Tumeurs testiculaires non palpables. Série rétrospective

25 janvier 2014

Auteurs : G. Lopez-Fontana, R. Lopez-Fontana, P. Valdemoros, F. Passardi, J.D. Lopez Laur, C. Maurin
Référence : Prog Urol, 2014, 1, 24, 46-50
Objectif

Rapporter 13 cas de tumeurs testiculaires non palpables suivi d’une revue de la littérature.

Patients et méthodes

Treize patients ayant une tumeur testiculaire non palpable ont été pris en charge dans notre centre entre 1998 et 2012. Après analyse rétrospective des données, les caractéristiques épidémiologiques, cliniques, échographiques, les valeurs des marqueurs tumoraux et le diagnostic histologique ont été étudiés. Une exploration chirurgicale avec examen extemporané a été systématiquement réalisée. L’orchidectomie était totale ou partielle en fonction des résultats histologiques.

Résultats

L’âge moyen des patients était de 46,4ans (28 à 51ans). Le motif le plus fréquent de consultation était une douleur testiculaire dans 46,1 % des cas (six patients) et une infertilité dans 23 % des cas soit trois patients. L’ensemble des lésions était hypo-échogènes à l’échographie avec une taille moyenne de 8,9mm. Les marqueurs tumoraux dosés systématiquement étaient négatifs pour les 13 patients. L’analyse histologique de la pièce opératoire a permis d’objectiver six séminomes purs, deux carcinomes embryonnaires, deux atrophies des tubes séminifères des testicules, un infarctus segmentaire, une tumeur des cellules de Sertoli et une tumeur des cellules de Leydig.

Conclusion

Dans notre expérience, les tumeurs testiculaires cliniquement non palpables associées à des marqueurs tumoraux négatifs étaient bénignes dans environ 50 % des cas. La réalisation d’un examen extemporané était un outil utile dans le choix d’une chirurgie conservatrice.




 




Introduction


Avec une prévalence de 5 % de l'ensemble des cancers urologiques, les tumeurs testiculaires sont rares [12, 2]. En cas de masse testiculaire indolore et indurée à la palpation [3], le risque de tumeur germinale maligne est de 90 à 95 % [4, 5, 6]. En cas de doute clinique, une exploration chirurgicale quels que soient les résultats des examens complémentaires est indiquée. La réalisation d'une échographie testiculaire dans le cadre du bilan de douleurs testiculaires, d'infertilité et/ou de varicocèle est actuellement le mode de diagnostic des tumeurs testiculaires asymptomatiques.

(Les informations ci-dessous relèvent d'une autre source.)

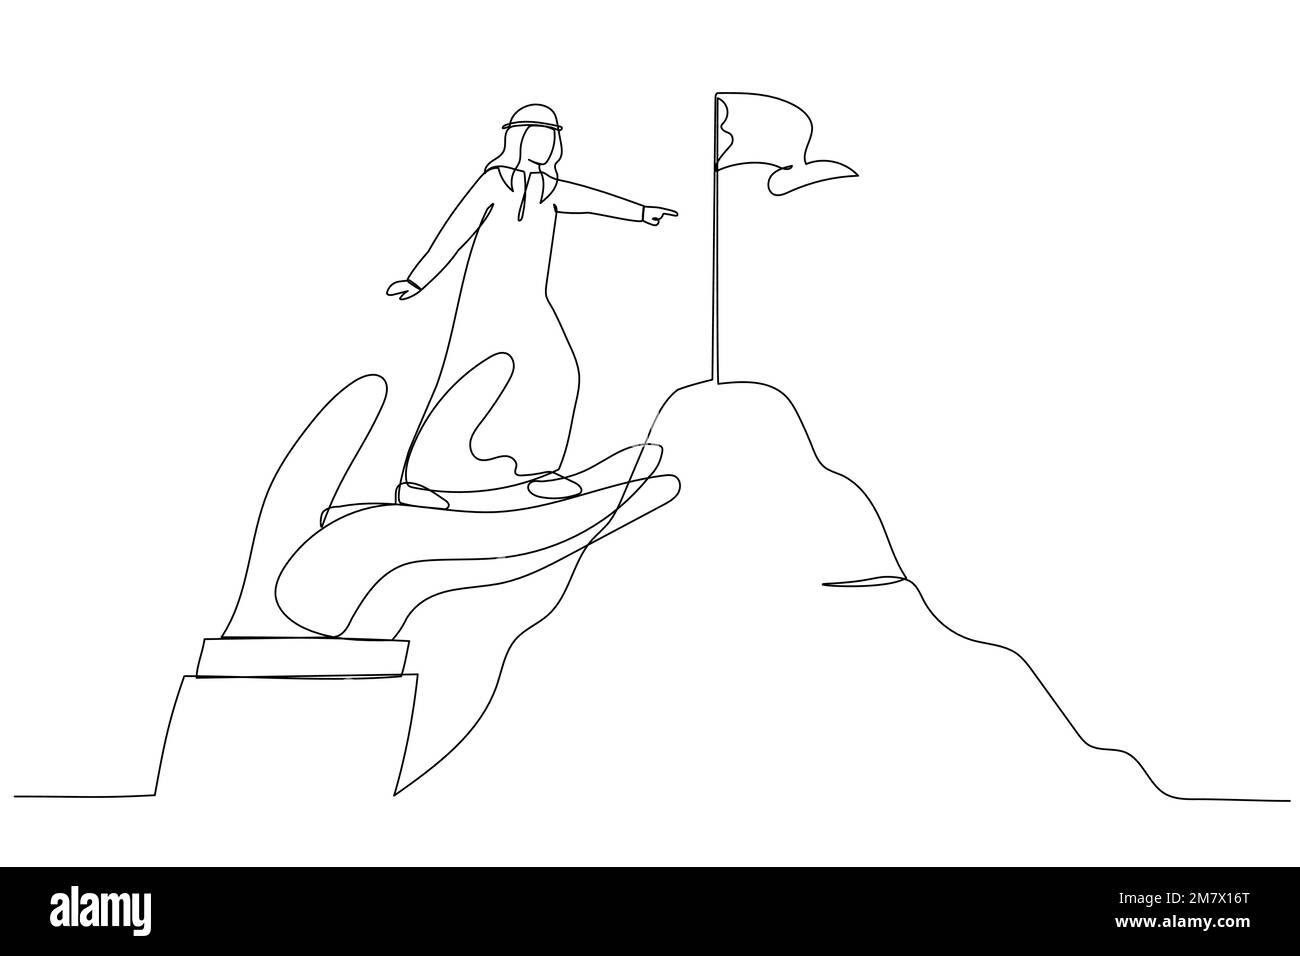 Darstellung eines arabischen Geschäftsmanns, der auf einer riesigen Hand steht, um die Zielflagge des Berggipfels zu erreichen. Ein kontinuierlicher Strichbildstil Stock Vektor

La prise en charge des tumeurs testiculaires non palpables (TTNP) n'est pas codifiée en raison de sa faible fréquence et du caractère asymptomatique des lésions. Aucune méthodologie de prise en charge n'a été décrite dans la littérature parmi la cinquantaine de cas rapportés [7]. L'objectif de notre travail était de rapporter notre expérience concernant 13 cas suivi d'une revue de la littérature afin de proposer des modalités de prise en charge.


Patients et méthodes


Treize cas de patients ayant une tumeur testiculaire non palpable à l'examen clinique ont été rapportés entre 1998 et 2012. Le diagnostic a été fait par échographie (transducteur 6,5MHz) dans le cadre de bilan de varicocèles, infertilité et/ou en cas de douleurs testiculaires. Les marqueurs tumoraux habituels (alpha-fÅ“toprotéine, hCG et LDH) ont été dosés systématiquement en pré- et peropératoire. Une exploration chirurgicale par voie inguinale a systématiquement été réalisée sans clampage pédiculaire afin d'éviter une ischémie testiculaire selon la technique décrite par Albers [8]. Le recueil des données a été fait de manière prospective avec analyse retrospective des données. Les données démographiques, les signes fonctionnels, les caractéristiques échographiques des lésions, les valeurs des marqueurs tumoraux et l'analyse histologique peropératoire et définitive ont été étudiés. Une revue de la littérature a été réalisée dans la base de données Pubmed en utilisant les mots MeSH (medical subject headings ) : testis , neoplasms , nonpalpable and treatment avec sélection des articles publiés en langue anglaise.


Résultats


Les motifs de consultation étaient des douleurs testiculaires avec examen clinique normal chez six patients (46 %) et une infertilité chez trois patients (23 %). L'âge moyen de consultation était de 46,4ans (28 à 51ans). Une atteinte du côté droit était prédominante (58,3 %). À l'échographie, les lésions correspondaient à des images hypo-échogènes de taille moyenne de 8,9mm (5 à 12mm). Les marqueurs tumoraux étaient négatifs pour les 13 patients. Une exploration chirurgicale par voie inguinale avec biopsies extemporanées systématiques a permis de réaliser un traitement conservateur associant une tumorectomie à des biopsies du parenchyme sain dans 11 cas et une orchidectomie totale dans deux cas. L'ensemble des résultats des examens extemporanés était corrélé avec les résultats histologiques définitifs correspondant à six séminomes purs, deux carcinomes embryonnaires, deux atrophies des tubes séminifères, un infarctus segmentaire, une tumeur des cellules de Sertoli et une tumeur des cellules de Leydig. Aucune des biopsies des berges de résection tumorale n'était tumorale.


Discussion


Coret et al. ont rapporté que les TTNP étaient actuellement diagnostiquées lors de d'une échographie réalisée pour un autre motif avec une bonne sensibilité (estimée à 96,6 %) mais une spécificité très faible (44,4 %) [9]. L'utilisation routinière et les progrès techniques de l'échographie ne permettaient pas la détection des lésions testiculaires inférieure ou égale à 1mm [10].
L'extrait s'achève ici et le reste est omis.